Er means “two” in Mandarin. Or so my children tell me.

Two days until Departure Day.

I might throw up. If one more person mentions the missing plane from Malaysia, I will for sure.

That reminds me… In the event of our untimely demise (wherein we are confident in our eternal destination, by the grace of God, through faith in Jesus Christ), all our earthly possessions should be split, equally, between Husband’s and my six siblings. (Attorney friends, did ya’ll hear that? This means you, Gerry, Mo, Cousin Kelly, Milan, Craig, & Sam.) This would be pretty easy to tabulate since the adoption has thoroughly depleted our liquid assets– NOT that I’m complaining… our boy is unquestionably, 100% worth it.

To be clear, my mounting anxiety is not due to fear, nor hesitation, in meeting our precious son. I can.not. wait. to embrace Little Man. Rather, my concern is that we will neglect to pack some critical piece of documentation from our THIRTY ONE PAGE CHECKLIST that might jeopardize the in-country process. I’m heavily relying on Husband in this arena, who famously received an “Attention to Detail” award in the military, years ago. God bless him, my opposite.

We’ll first land in Beijing and do some required sight-seeing (twist my arm), doing our best to shake our jet-lag before heading south to Zhengzhou.

“Gotcha Day” -which shall henceforth be referred to as either Adoption Day or Family Day- is actually next Monday. Oh, and Monday will be Sunday here in the States. From the moment we first see him, he will remain in our custody (forever and ever, amen). This is not the case in every country. We will finalize the adoption- legally making him our son!- within a couple of days of travelling to the capitol of his province, Henan.

The final leg of our journey will be in Guangzhou, at the US Consulate, through which all adoptions are routed. Upon landing on US soil Little Man will officially become a US citizen. (Again, not the case with every country.)

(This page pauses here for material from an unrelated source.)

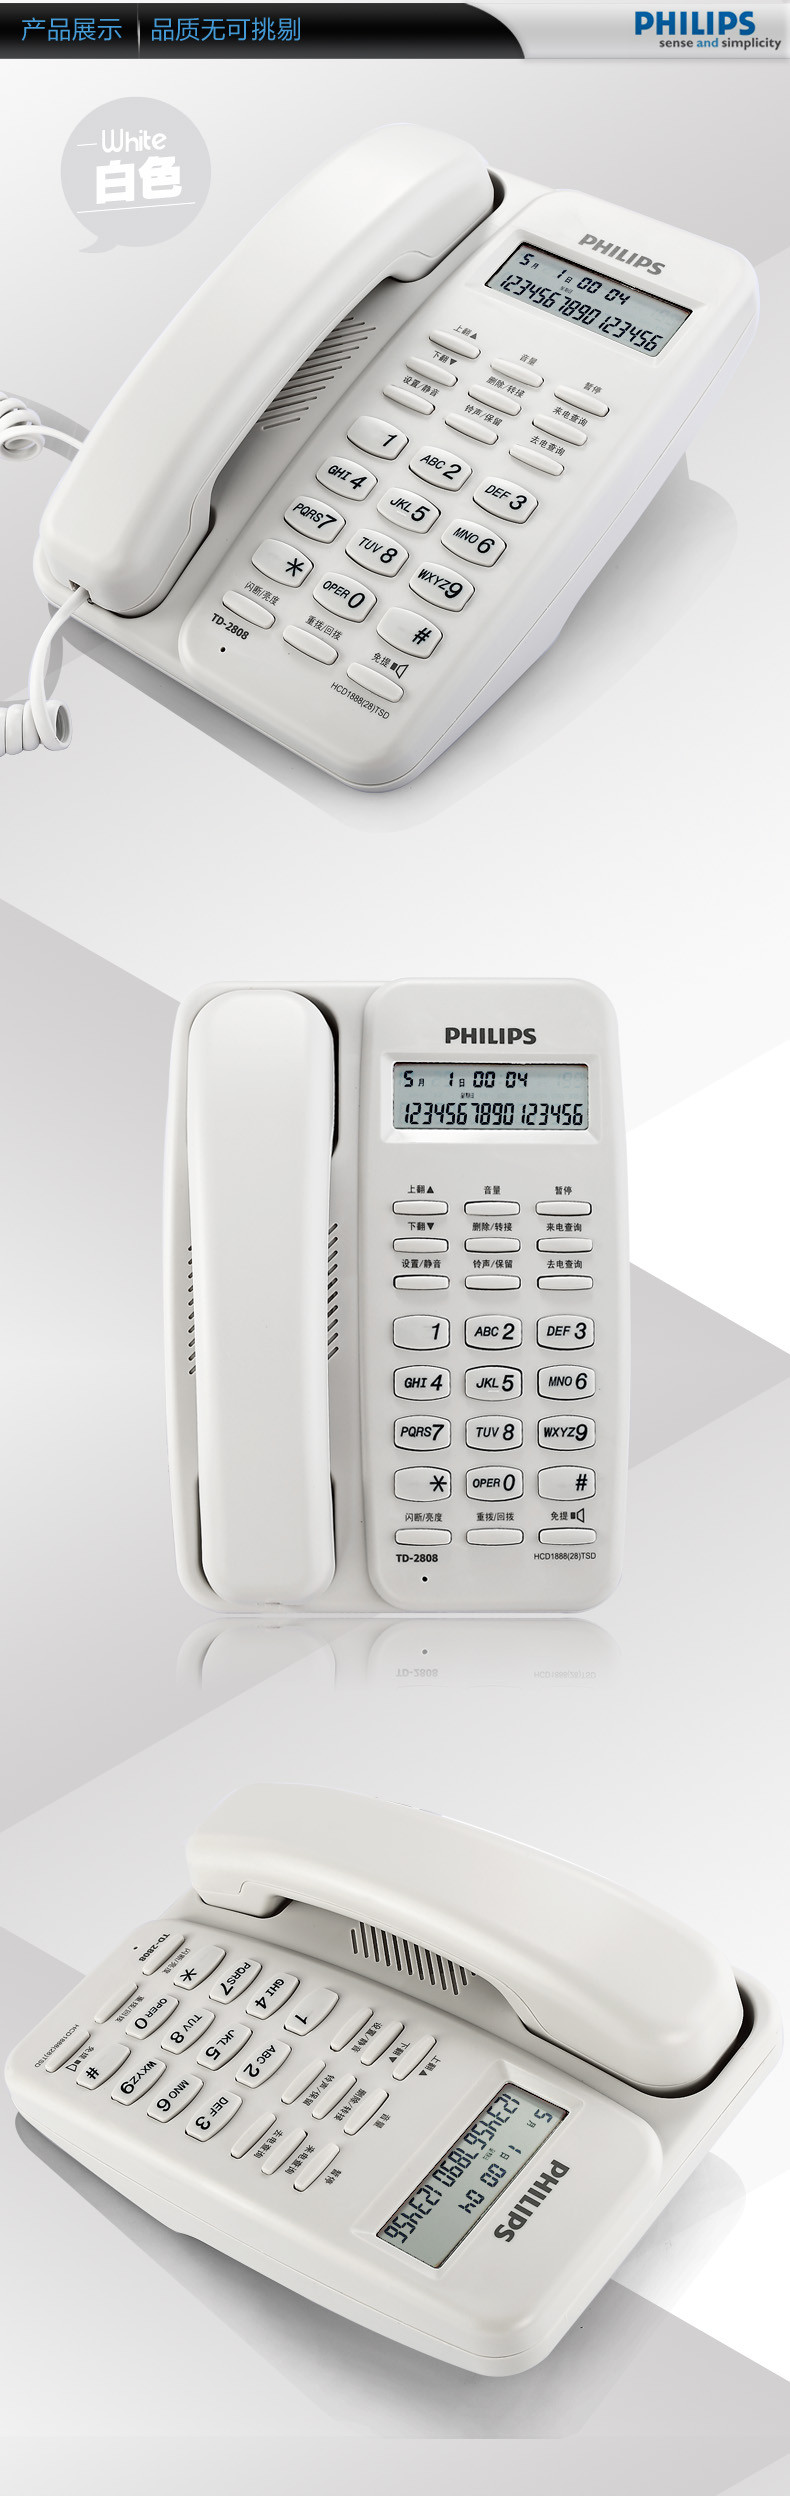 【苏宁专供】飞利浦(Philips)TD-2808 有绳话机 /普通家用/办公话机/来电显示/免电池/固定电话座机 (黑色)

The kids and I are packed, Husband will take all of five minutes. (I’m not worried, gotta love that military training!) We are packing pretty light and hoping to carry on our smaller suitcases, checking just two large ones. In monitoring the Beijing, Zhengzhou, and Guangzhou weather, we have ascertained it will be downright hot to these four Montanans, and we’re able to pack lighter-weight clothing. Several families who have gone before us have had their luggage lost, so we are praying the airlines will permit us to keep our smaller bags.


Today, I’m finishing the deep cleaning of our house (Husband took my sexy minivan to work so I’d be stuck here– I’m too afraid to drive his burly, manual transmission rig.), and tomorrow the girls and I are going to have some fun. We are ready.


2 responses to “Er”

  1. Wow, what an answer to prayer you are! Thanks so much for reading, praying, and reaching out. We will try to connect with you again when we return (we leave tomorrow– wheeeeeeee!) and start making a plan for his cleft surgery. We are leaning towards Dornbecher’s Children Hospital in Portland, close by our hometown (and supportive friends/family), but we are most interested in making sure he gets the best care possible.
    Thanks again!!

  2. Mia,

    We just found your blog on the CCAI blog site. We have been reading about your adoption journey and are so excited for you guys! We noticed that you are adopting a cleft kiddo from Henan. We adopted a little girl from Henan with CCAIs help back in September of 2012 – she is also a cleft baby! You mentioned in one of your posts that you are interested in any information about correcting clefts. We actually live near you (Idaho and have connections with Montana) and have had to learn about hospitals, cleft repair options, speech, early child intervention programs, etc… We know you are leaving soon and would love to share our experiences with you! Send us an email when you get a chance. CCAI is a wonderful adoption agency and you will have a great experience in China. God bless you as you travel! You will be in our prayers these next few weeks and the weeks following your return as you bond as a family.